### Exercise details:
Write down the listing again exactly as it appears below, without its pictures.

____ Material provided

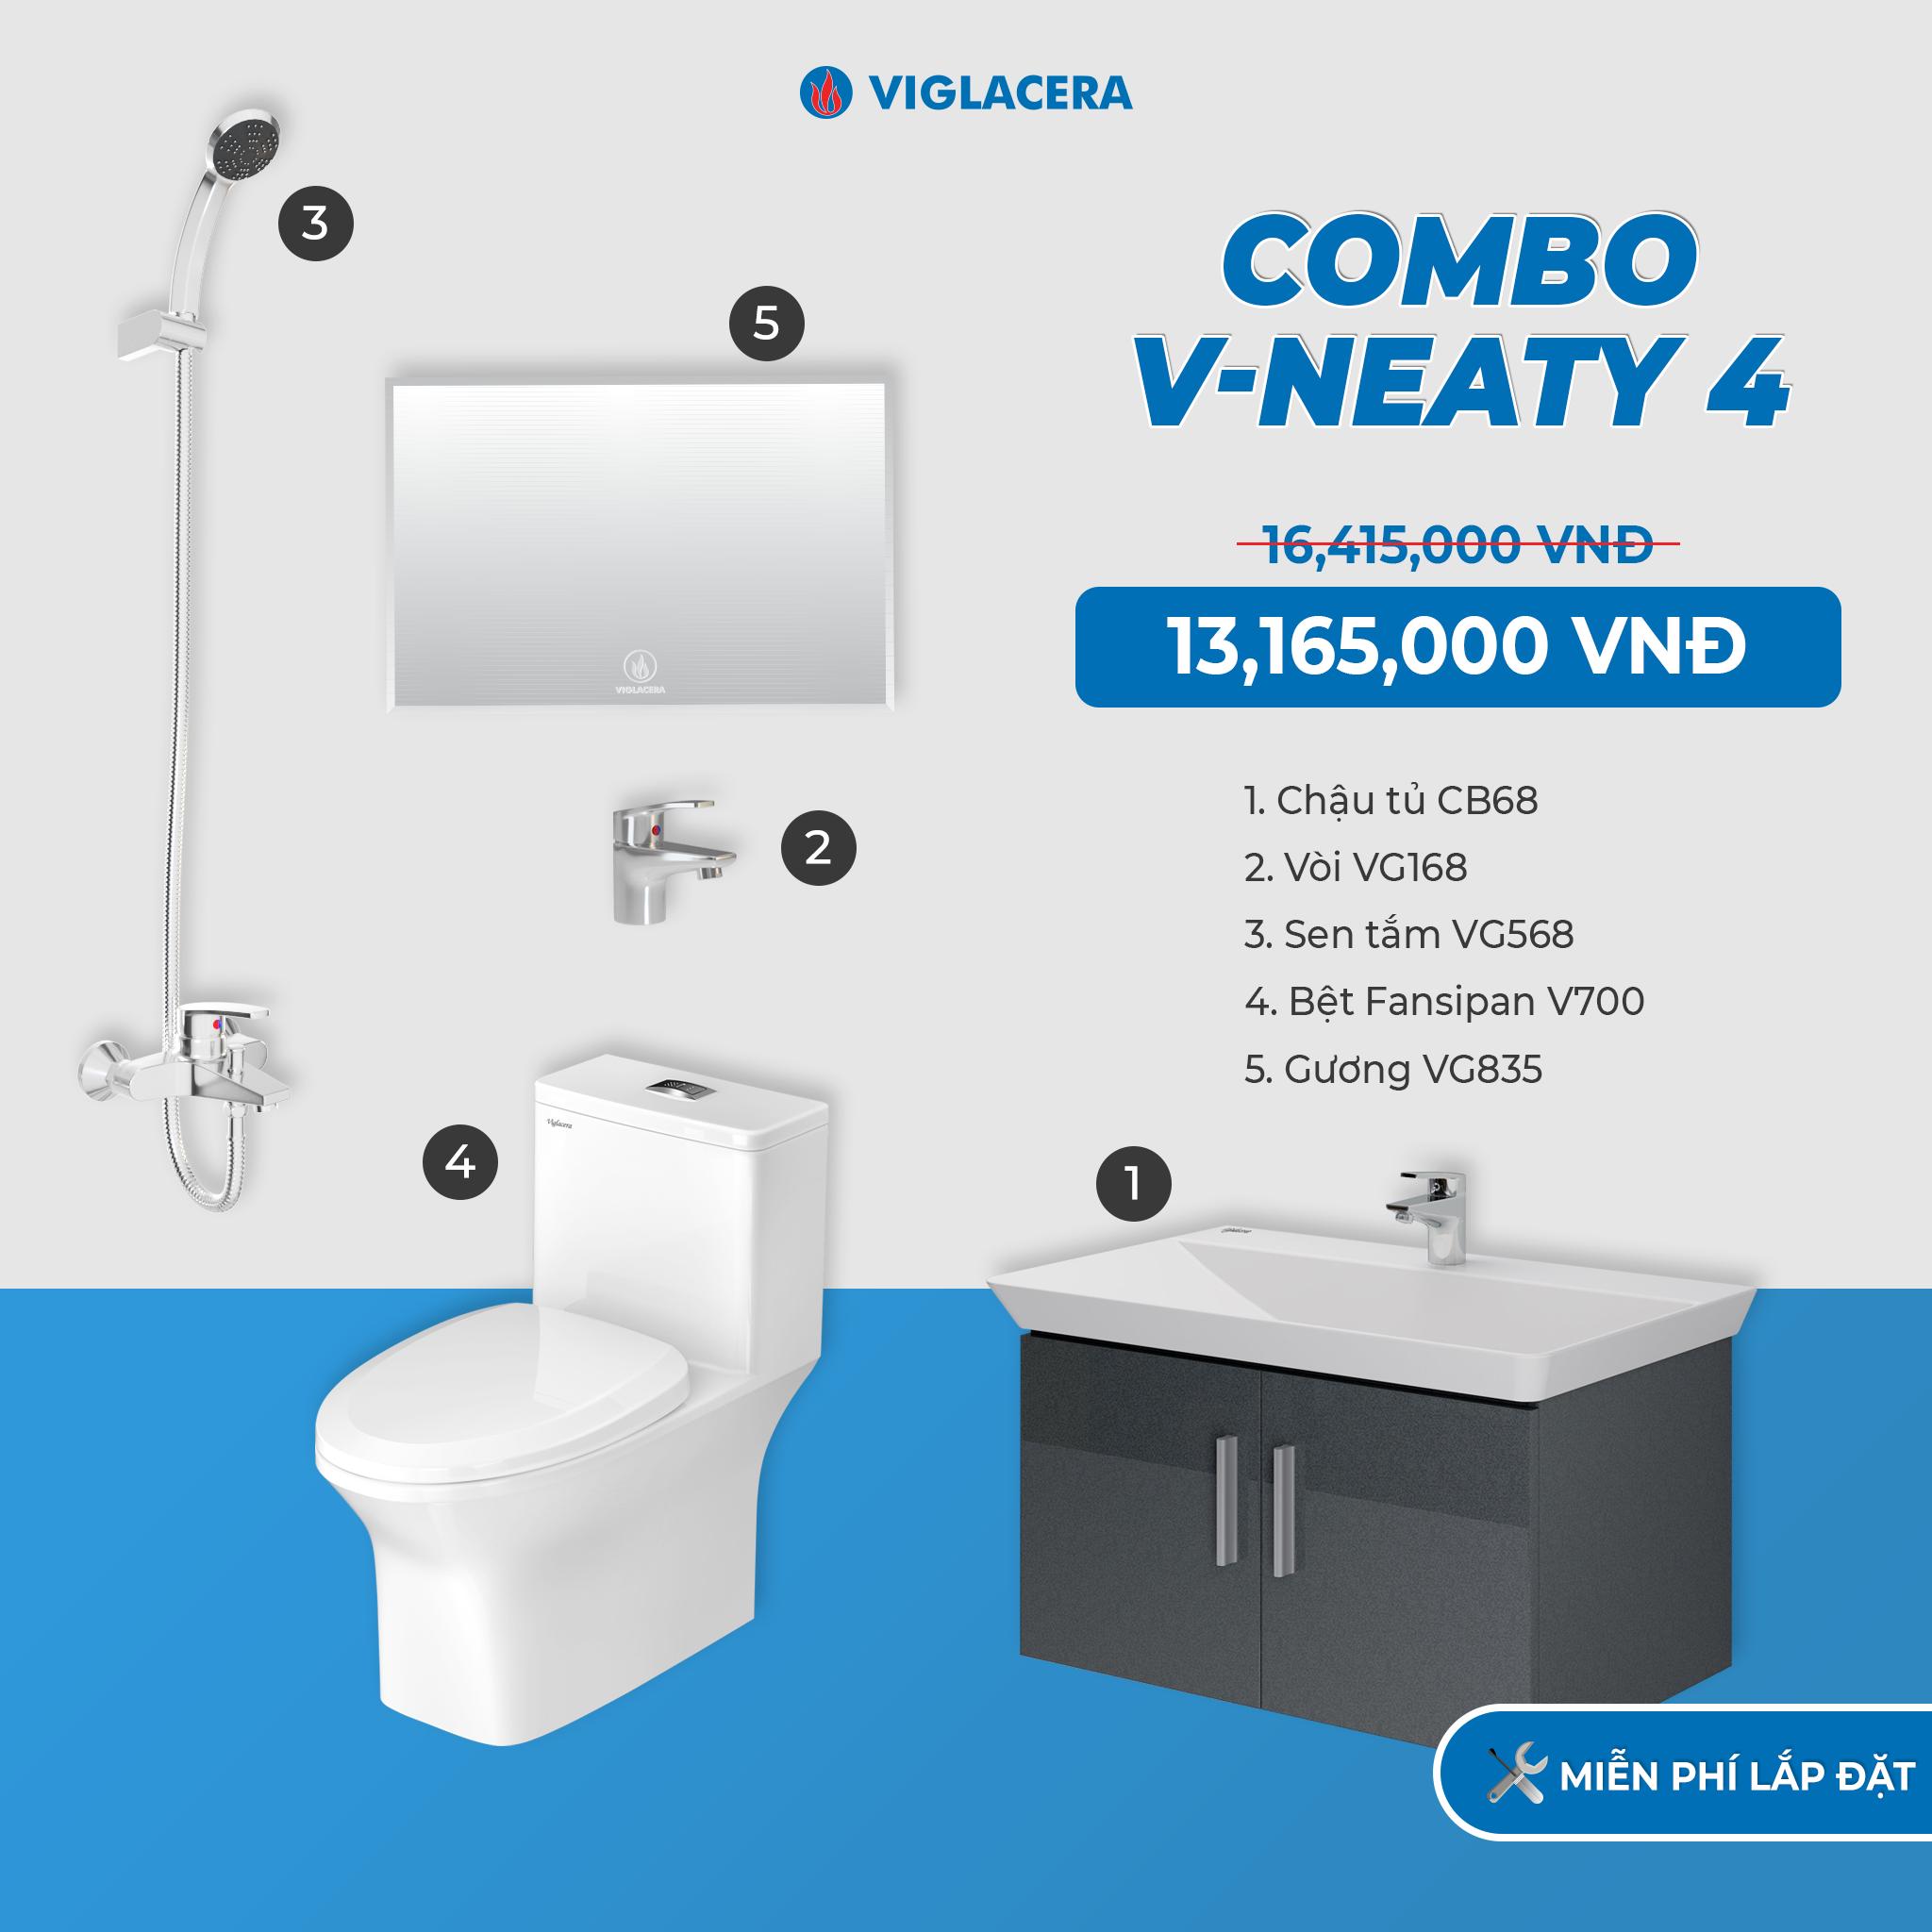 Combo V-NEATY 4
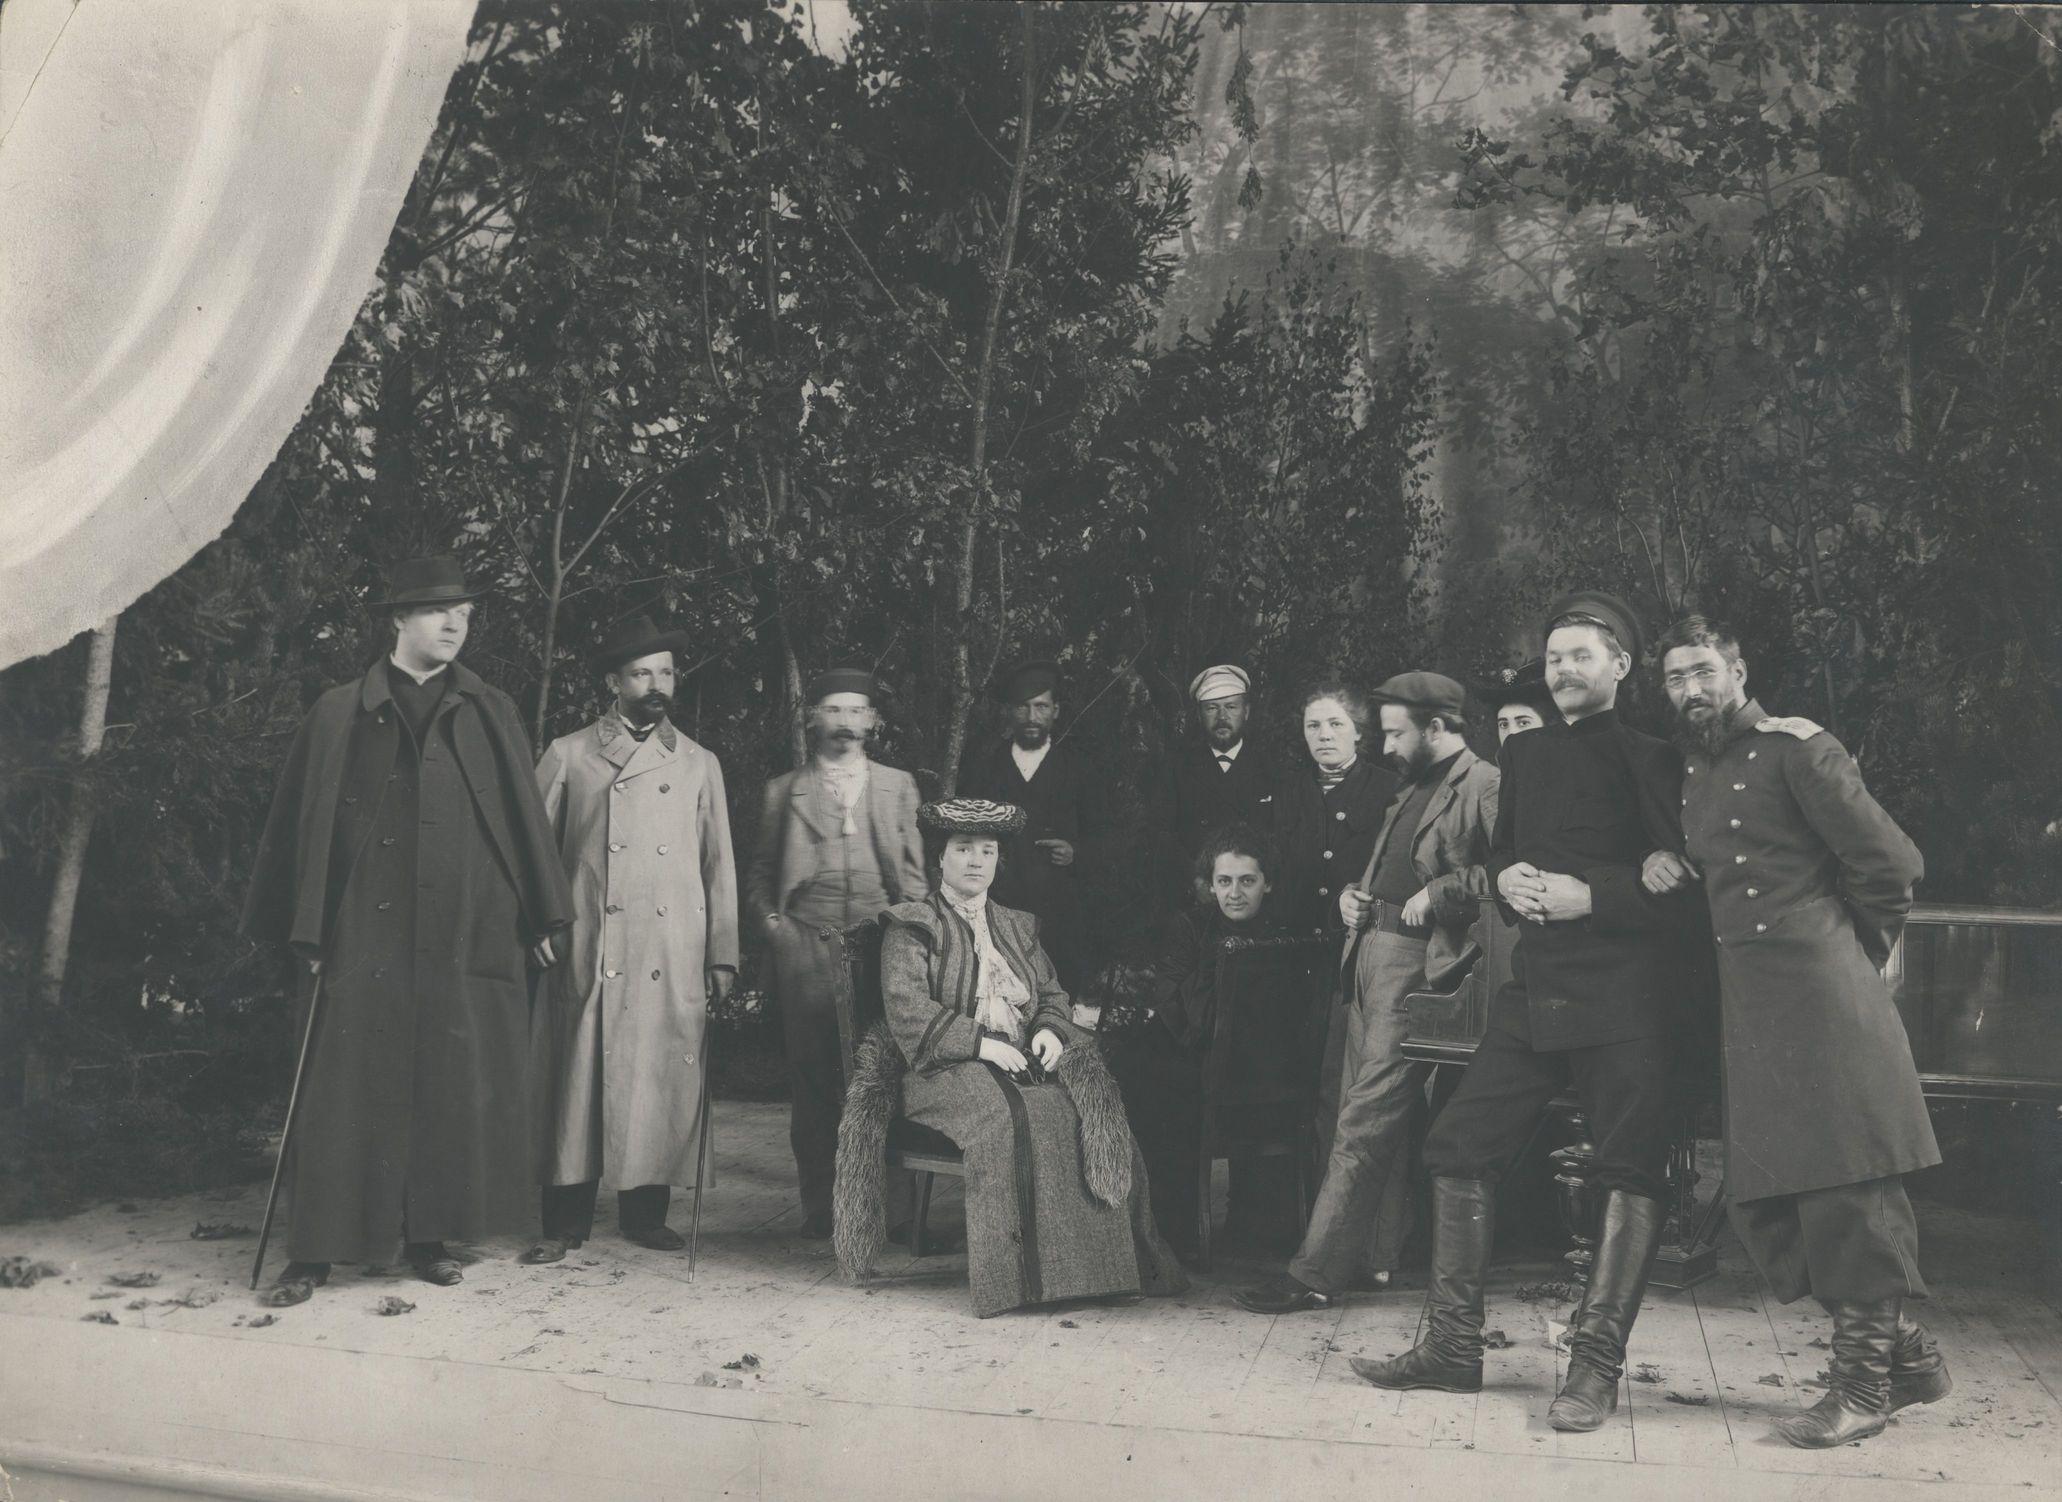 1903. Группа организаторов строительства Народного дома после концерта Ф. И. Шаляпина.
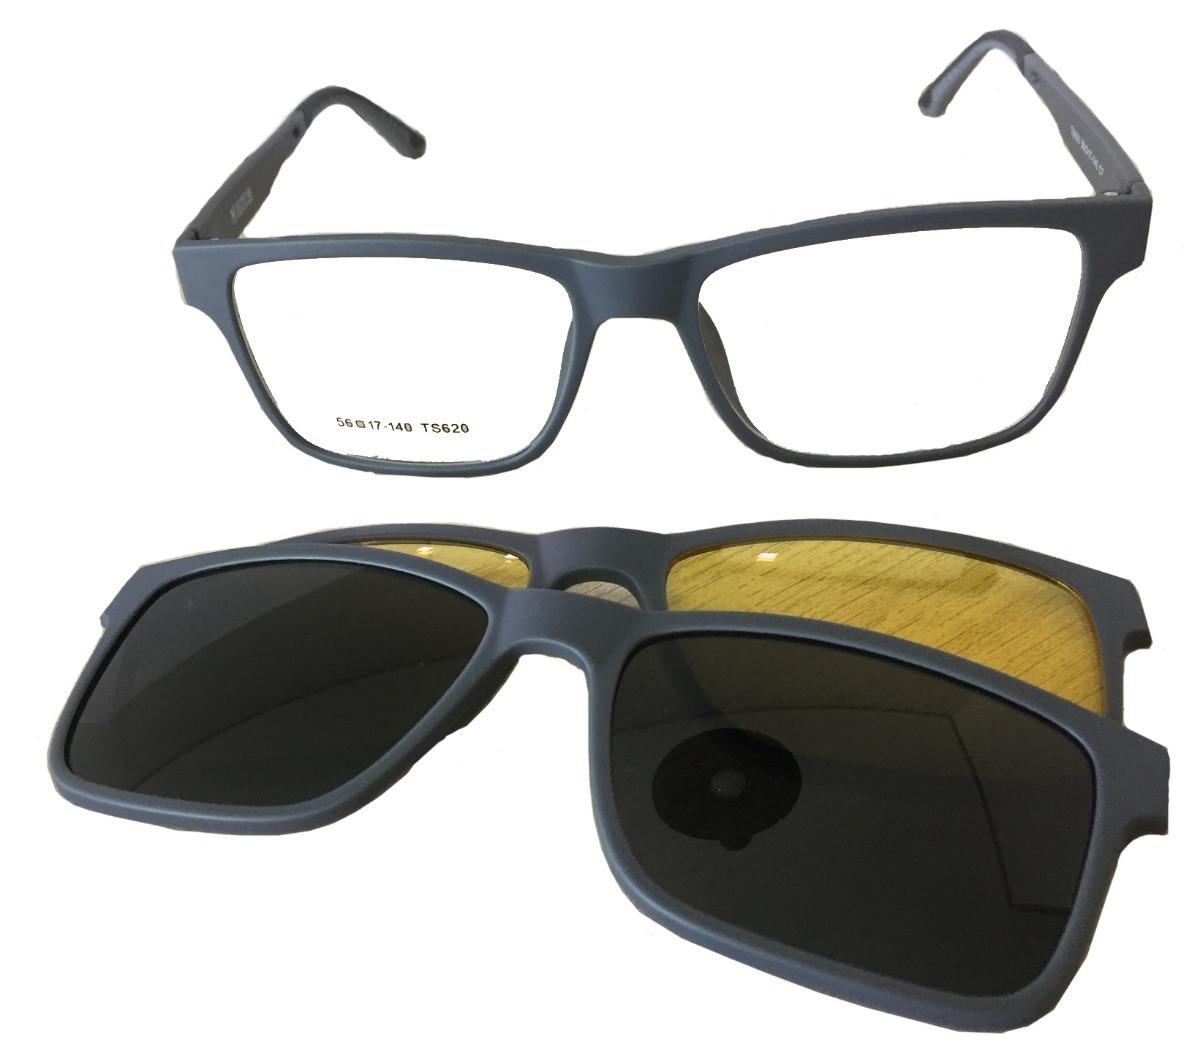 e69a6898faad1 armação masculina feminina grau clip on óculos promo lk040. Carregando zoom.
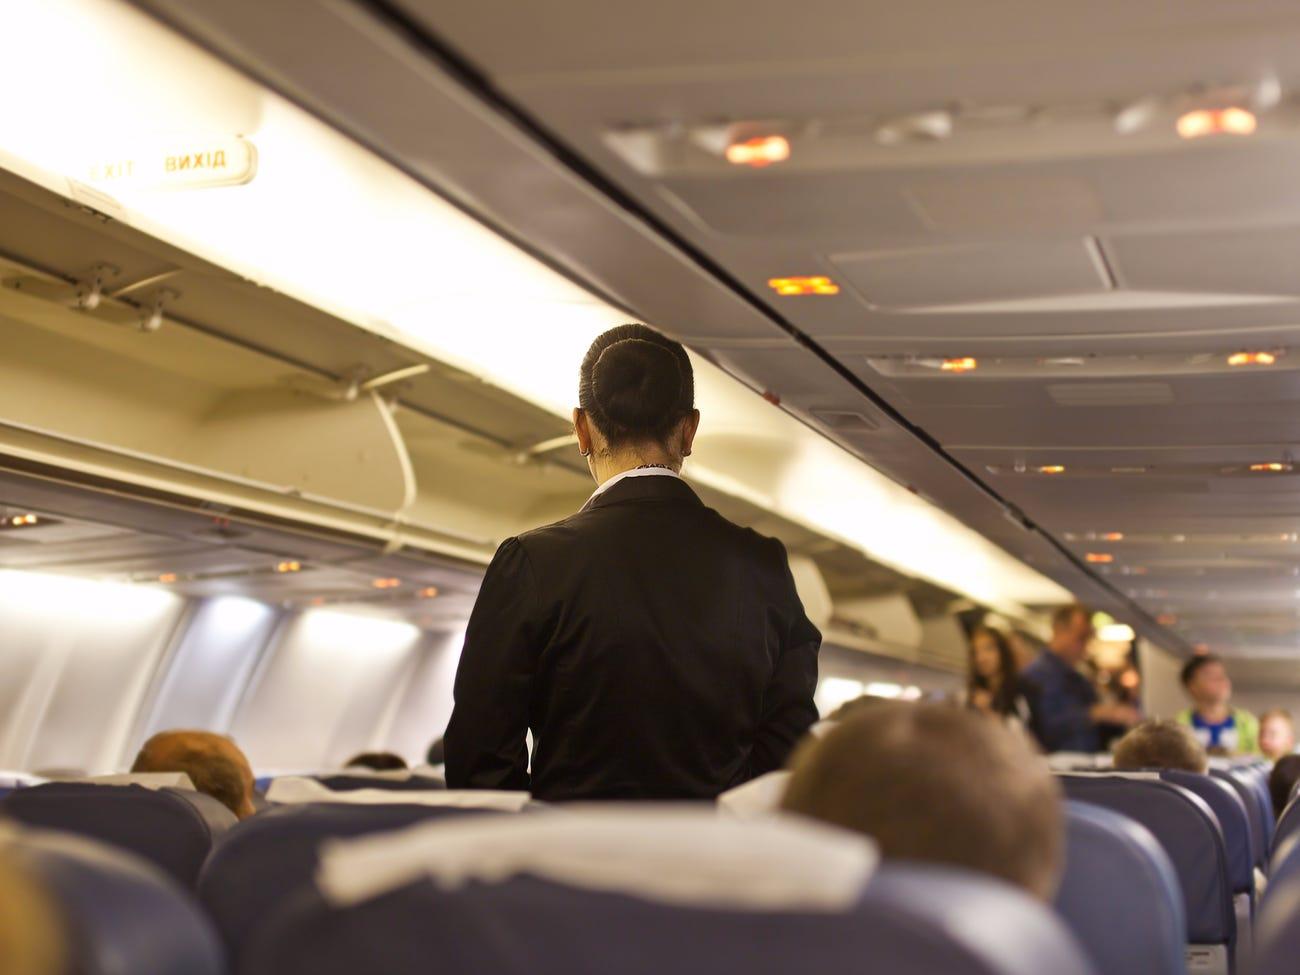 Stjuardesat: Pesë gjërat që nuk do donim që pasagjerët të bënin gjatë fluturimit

________

### Written answer:
 Combo V-NEATY 4
 1903. Группа организаторов строительства Народного дома после концерта Ф. И. Шаляпина.
 e69a6898faad1 armação masculina feminina grau clip on óculos promo lk040. Carregando zoom.
 Stjuardesat: Pesë gjërat që nuk do donim që pasagjerët të bënin gjatë fluturimit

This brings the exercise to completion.